The API works as follows:
If converting a record from a silver to gold delta table for the first time, it generates a new ID in the OMOP gold lakehouse and maps it to the original new ID in the silver lakehouse. It then inserts the record into the gold delta table with the newly generated ID.
If the same record in the silver lakehouse undergoes some modification and is ingested again into the gold lakehouse, the OMOP API recognizes the existing record in the gold lakehouse (using the mapping information). It then updates the records in the gold lakehouse with the same ID that it generated before.
Mappings between the newly generated IDs (ADRM_ID) in the gold lakehouse and the original IDs (INTERNAL_ID) for each OMOP delta table are stored in OneLake parquet files. You can locate the parquet files at the following file path:
[OneLakePath]\[workspace]\healthcare#.HealthDataManager\DMHCheckpoint\dtt\dtt_state_db\KEY_MAPPING\[OMOPTableName]_ID_MAPPING
You can also query the parquet files in a Spark notebook to view the mapping.
ImagingMetastore design in the silver lakehouse
A single DICOM file can contain up to 5,000 distinct tags, making it inefficient and resource-intensive to map and create fields for all these tags in the silver lakehouse. However, retaining access to the complete set of tags is essential to prevent data loss and maintain flexibility, especially if you require tags beyond the 29 extracted and represented in the data model. To address this problem, the silver lakehouse ImagingMetastore delta table stores all DICOM tags in the metadata_string
column. These tags are represented as key-value pairs in a stringified JSON format, enabling efficient querying through the SQL analytics endpoint. This approach aligns with standard practices for managing complex JSON data across all fields in the silver lakehouse.
From the ImagingDicom table in the bronze lakehouse to the ImagingMetastore table in the silver lakehouse, the transformation doesn't perform any grouping. Resources are represented at the instance level in both tables. However, the {FHIRResource}.id
is included in the ImagingMetastore table. This value allows you to query all instance-level artifacts associated with a specific study by referencing its unique ID.
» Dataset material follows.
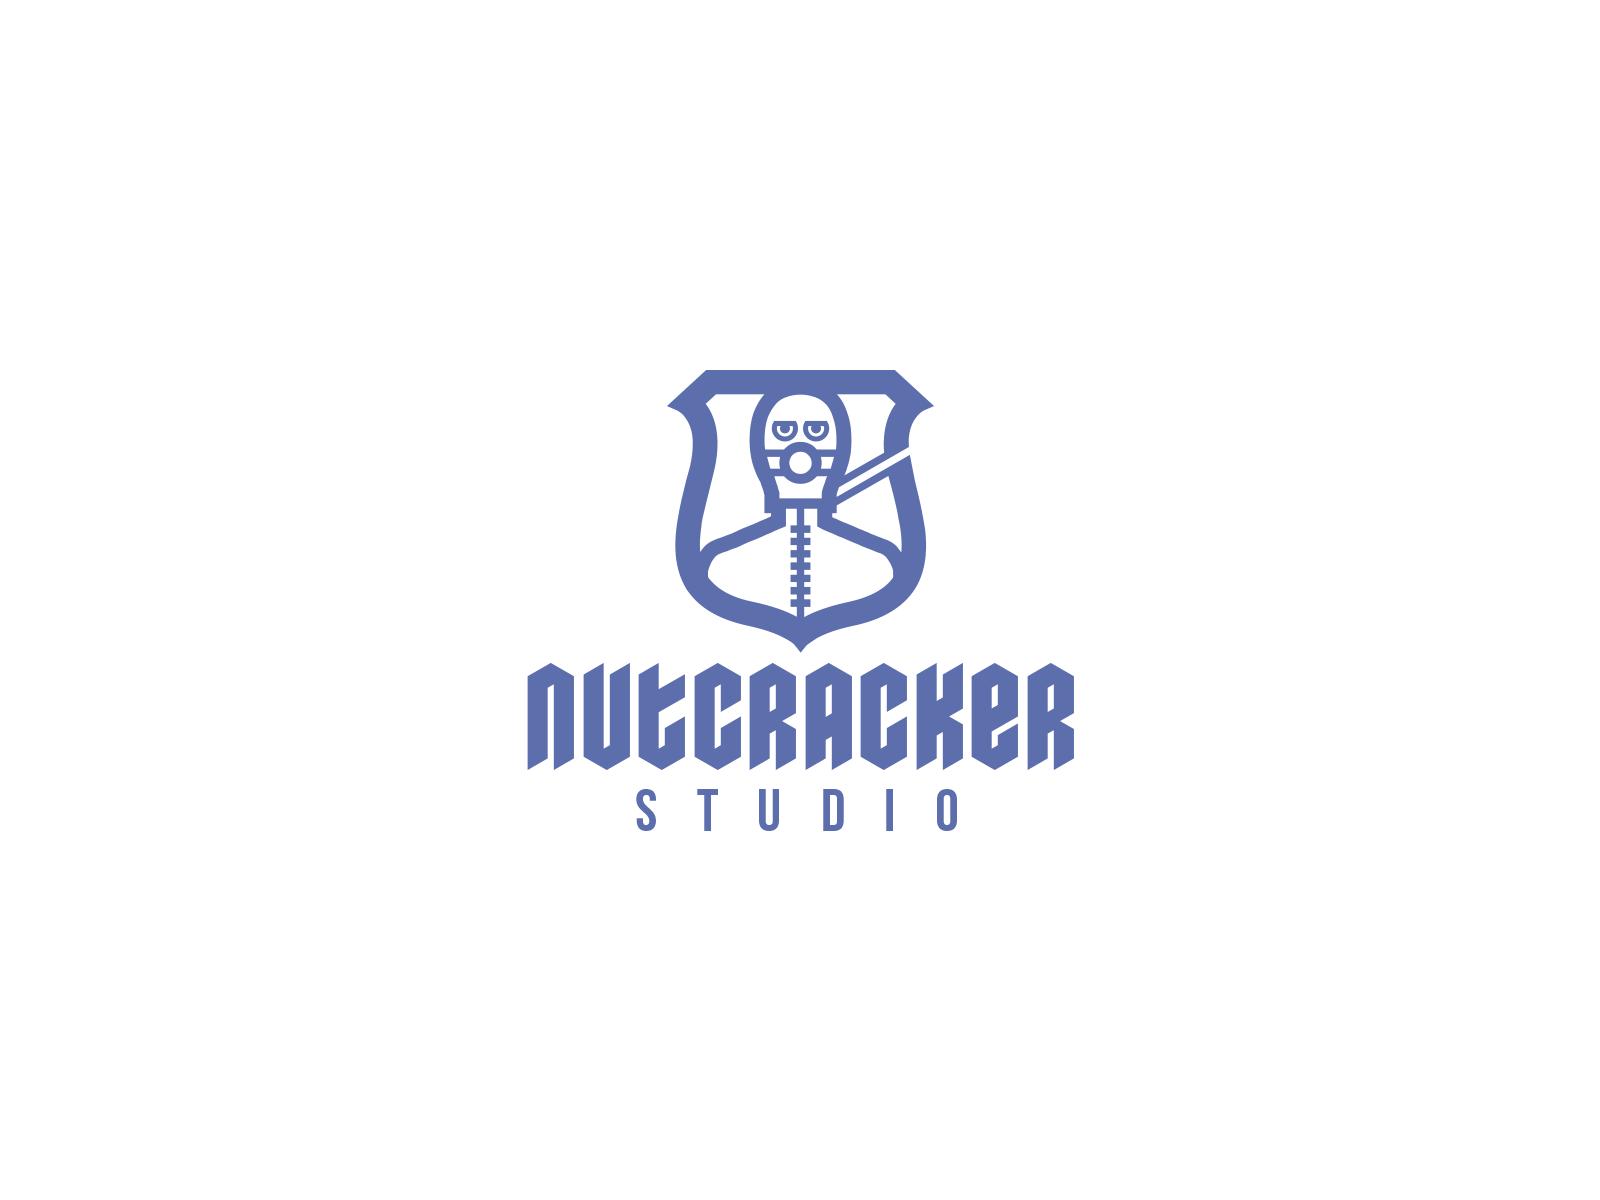 Nutcracker Logotpe / concept

Integration with DICOM service
The current integration between the DICOM data transformation capability and the Azure Health Data Services DICOM service supports only Create and Update events. You can create new imaging studies, series, and instances, or even update existing ones. However, the integration doesn't yet support Delete events. If you delete a study, series, or instance in the DICOM service, the DICOM data transformation capability doesn't reflect this change. The imaging data remains unchanged and isn't deleted.
Table warnings
Warnings appear for all tables in each lakehouse where one or more columns use complex object-oriented data types to represent data. In the ImagingDicom and ImagingMetastore tables, the metadata_string
column uses a JSON structure to map DICOM tags as key-value pairs. This design accommodates the limitation of Fabric SQL endpoints, which don't support complex data types such as structs, arrays, and maps. You can query these columns as strings using the SQL endpoint (T-SQL) or work with their native types (structs, arrays, maps) using Spark.